At 3am this tip was going to be: ‘reexamine the insanity of modern life’. But these 99 tips for a better world are supposed to be small, and there is nothing small (or very original) about that.

So instead, today’s tip is to find some time for healing. If you’re troubled, or worn out, or just have that sense that you could feel better, visit a healer of whichever variety you choose, or clear your schedule and go to bed early. Go for a walk, pick up the instrument you love to play, or put on some music while you make dinner.

As for me, I’m off to enjoy the rest of my holiday in a hammock surrounded by lush tropical growth. Low-level churning not included.

(Image credit)

99 tips for a better world: take a break (7 of 99)

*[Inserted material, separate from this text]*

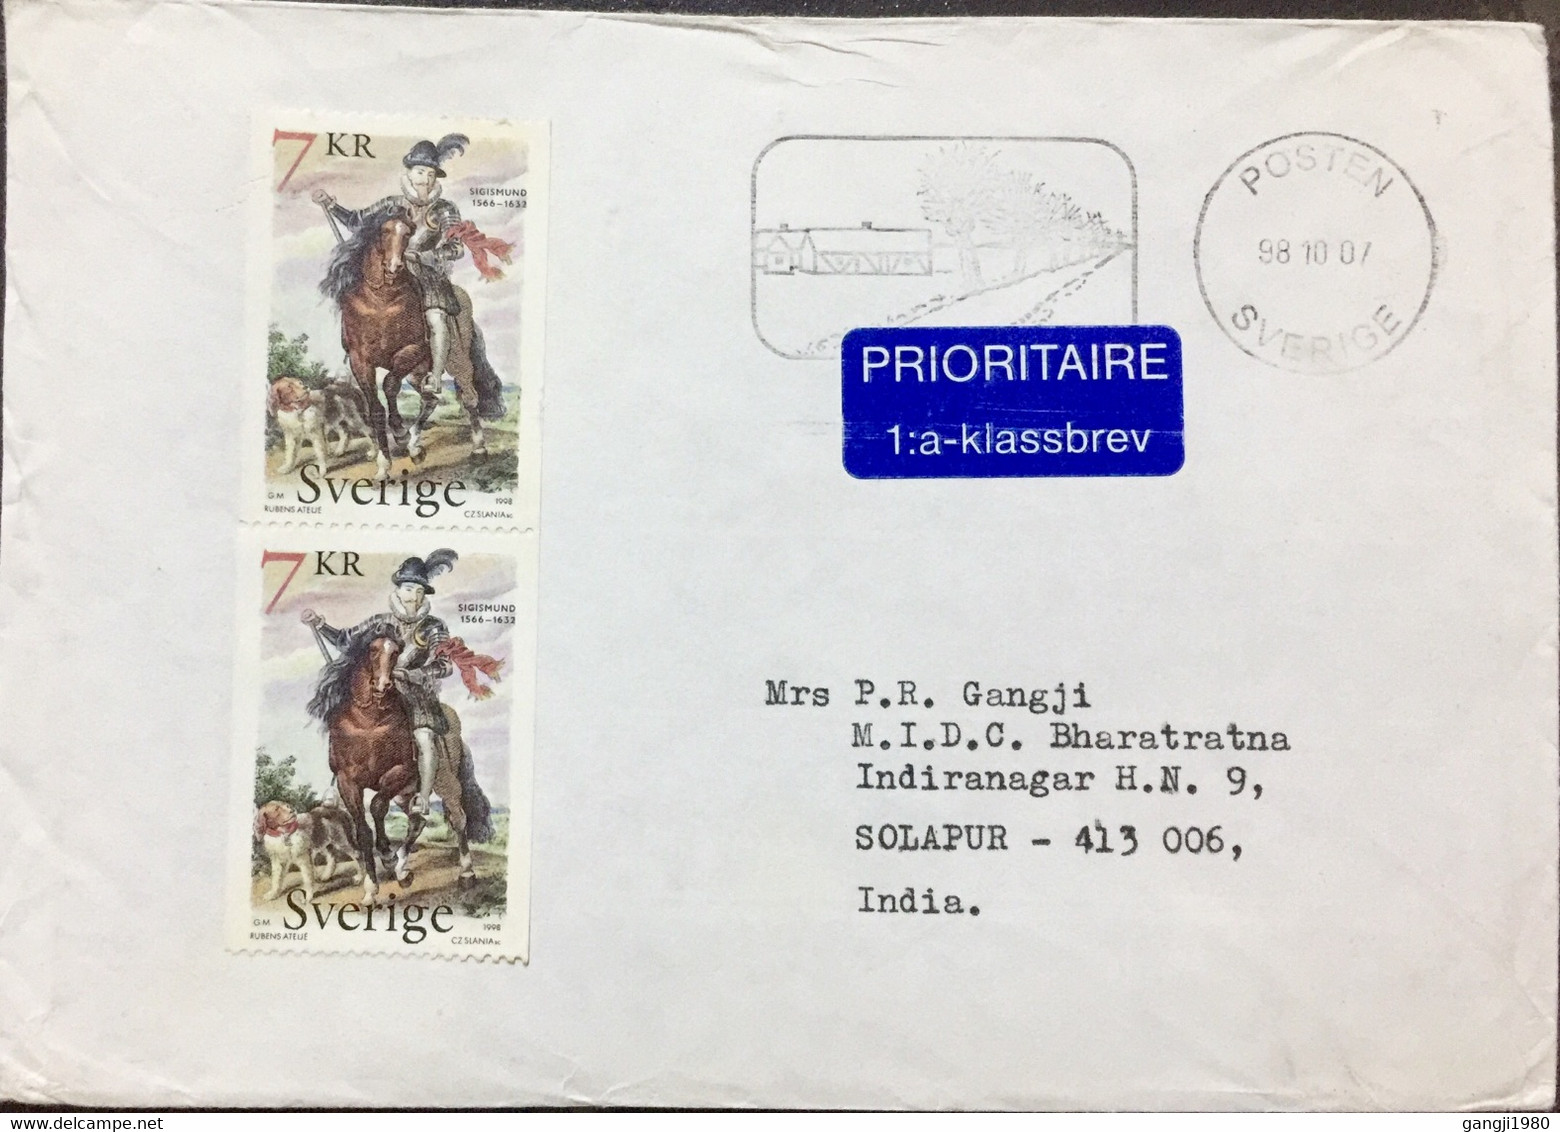 SWEDEN 2007, AIRMAIL COVER USED TO INDIA,POSTEN PICTURAL SLOGAN,CANCELLATION!!! SIGISMUND 1998 STAMPS PAIR - Storia Postale

I mentioned last week I’m going back on the road. Which is another way of saying I’m heading off to Bali for a week for a rest.

And so, today’s tip over at the glorious lip – take a break.

An important part of achieving an ambitious goal is taking time out to rest. As God rested on the seventh day of creating the world, I am going to rest on the seventh of 99 tips for a better world.

I’m going somewhere quiet to sleep in, read books and go for long wandering walks in the middle of the day.

So this week, instead of 600 words from me, a few words from Wendell Berry on rest.

The Peace of Wild Things

When despair for the world grows in me
and I wake in the night at the least sound
in fear of what my life and my children’s lives may be,
I go and lie down where the wood drake
rests in his beauty on the water, and the great heron feeds.
I come into the peace of wild things
who do not tax their lives with forethought
of grief. I come into the presence of still water.
And I feel above me the day-blind stars
waiting with their light. For a time
I rest in the grace of the world, and am free.